The system raise a machine check exception from time to time. When it happens:
- (MCSR) Machine Check Syndrome Register is 0x8, this indicates a “BUS_RBERR(Bus read data bus error)”
- (MCAR) Machine Check Address Register is 0xB000xxxx. This is a RapidIO address in system. However, I am sure system never read/write this address after initialization.
- (MCSRR0) Machine Check Save/Restore Register 0 usually points to a “sync” instruction, and occasionally points to a store instruction(the address of store instruction is a normal DRAM address used as function stack)
Currently I cannot address the reason why machine check happen.
My questions are:
1.What is the meaning of a “Bus read data bus error”? It looks that my MCAR and MCSRR0 register value have no relationship with this syndrome type?
2.Do MCSR/MCAR/MCSRR0 always save the correct informations about a machine check exception?
3.I configure a address(say 0xc0000000) in MMU and do not configure it in LAW(Local Access Windows), system will immediately raise a machine check interrupt when 0xc0000000 is read, but if 0xc0000000 is written, there is no any interrupt/exception in system, is this a expected behavior of the processor?
Thanks.
Jerry
1) BUS_RBERR gets set because the core_fault_in gets asserted to the CPU signaling a fault on the internal bus.

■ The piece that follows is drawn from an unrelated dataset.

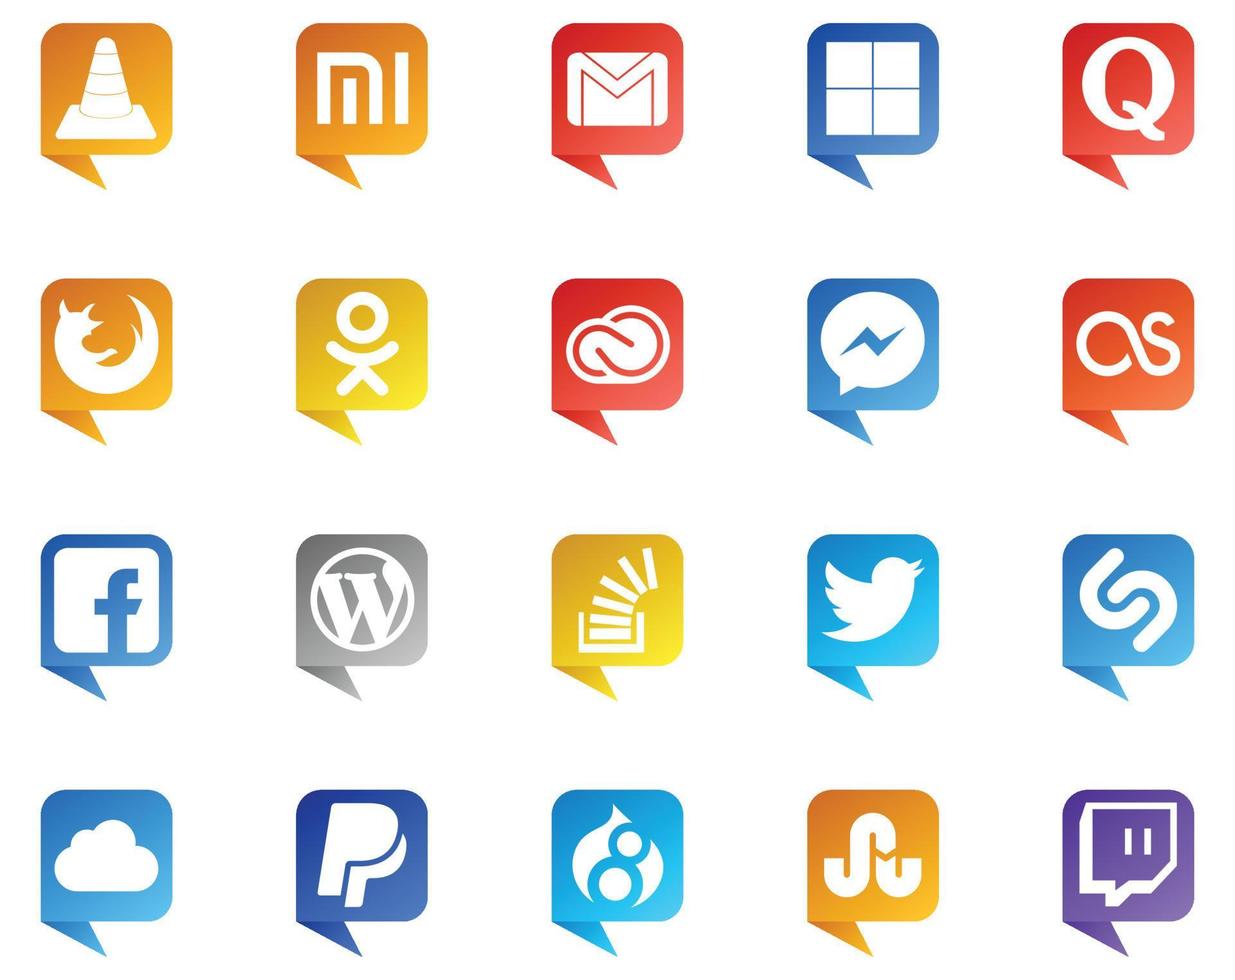 20 Logo im Sprechblasenstil für soziale Medien wie lastfm adobe quora cc odnoklassniki vektor

Sources, capable to generate core_fault_in are described in the P2020 QorIQ Integrated Processor Reference Manual, Rev. 2, Table 5-1. Differences between the e500 core and the QorIQ core implementation, HID1[RFXE].
2) The registers should contain correct data for unsuccessful read (uncorrectable read error) operations.
3) Yes, see 2).
Note:
RFXE should always be 0 for normal operation for the e500v2; it should be set only if it is necessary that the assertion of core_fault_in generate a machine check or a checkstop because peripherals are not properly configured to report bus faults. This would typically occur only during software or firmware development.
Hi ufedor,
Thanks for your reply.
I set HID1[RFXE] to 0, and the machine check still occur in my test. So is this a expected behavior? Or there is something wrong?
For possible sources of the machine check please refer to the PowerPC e500 Core Family Reference Manual, Table 5-8. e500 Machine Check Exception Sources.
When the exception occurs, Machine Check Syndrome Register is 0x8(BUS_RBERR - Bus read data bus error), but the MCSRR0 and MCAR register do not provide instruction and address which have something to do with BUS_RBERR. This is what are confusing me. Do you have any other suggestions I can follow to look into the reason of this exception.
Thanks.
You wrote:
> Machine Check Save/Restore Register 0 usually points to a “sync” instruction
Which instruction is before the "sync"?
it's a store or read instruction. the access address of the instruction is a valid DRAM memory region
How many boards were tested?
Maybe 2 boards. Both have the same result.
I am manually creating a machine check exception, and then to see if the software & hardware can provide the expected information (instruction address and the address instruction are reading).
I'll ping you again when I collect other questions.
Much appreciate for your reply.